Farmers were also open to working with local health authorities to fill out questionnaires that could help researchers track how the virus is spreading between dairy herds across the state. “Hundreds and hundreds of farmworkers here in Michigan have been interviewed,” Boring said. “They understand how important it is to understand how this is developing so that we can limit the spread of this.”

Local health authorities have also been monitoring workers at farms with infected herds for symptoms – through regular phone calls to farm supervisors or through automated text messages asking if they have experienced conjunctivitis or flu-like symptoms, even mild ones. Testing is offered to all symptomatic workers who have been exposed to animals on affected farms or who live in a congregate setting with people who have been exposed.

In an interview Wednesday afternoon, Bagdasarian, Michigan’s health official, described the discovery of a human case as a sign that these efforts to find new infections are paying off. “Michigan has really been one of the leading states in testing, so it’s not surprising that we picked up this sporadic case,” she said. At least 35 people have been tested so far, she said. This case is the first to come back positive.

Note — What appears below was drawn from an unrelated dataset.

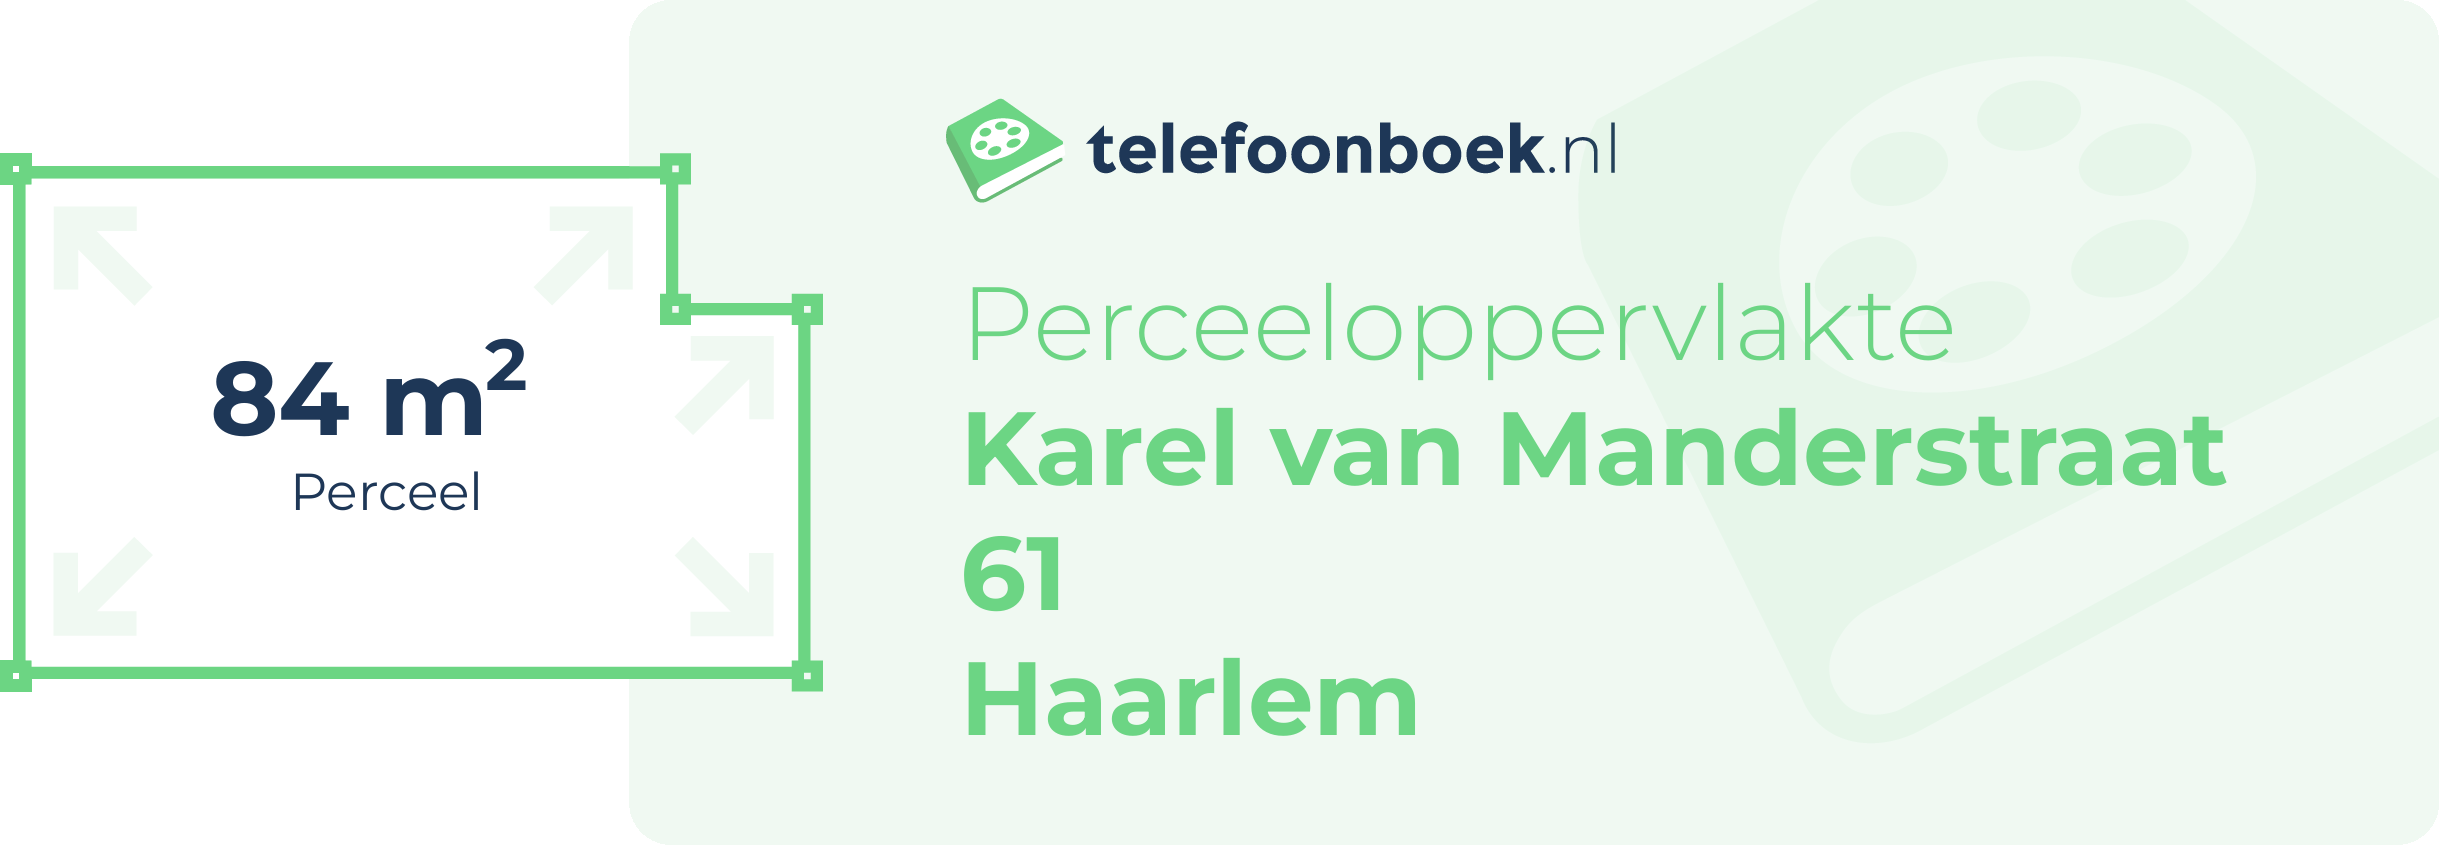 Perceeloppervlakte Karel Van Manderstraat 61 Haarlem

Bagdasarian said officials have seen no evidence of secondary infections. But the state is not yet conducting serological testing — looking for antibodies to H5N1 in the blood of farmworkers and those they have come into contact with — to determine whether there have been unreported cases and possibly even spreading from those individuals to others have spread.

“We have always talked about the need to do additional studies to create more engagement, and to thoroughly investigate serology, especially for people who may have remained asymptomatic the entire time,” Bagdasarian said. “That would be the next step.”

Shah said the CDC would very much like to conduct serological surveys of dairy farm workers, including those, like the Michigan individual, who test positive. “We are not there yet,” he says.

Eric Deeble, the USDA’s acting senior advisor for H5N1, announced at the press conference that additional financial incentives are being planned to try to entice dairy farmers to report infections in their herds and take steps to reduce the risks to cows and farm workers to decrease. Compensation for lost milk – a substantial drop in milk production is the most noticeable sign of infection in a herd – is planned, but will take a few more weeks to complete, he said.

This story has been continuously updated with commentary from the HHS news conference and interviews with Bagdasarian and Nuzzo.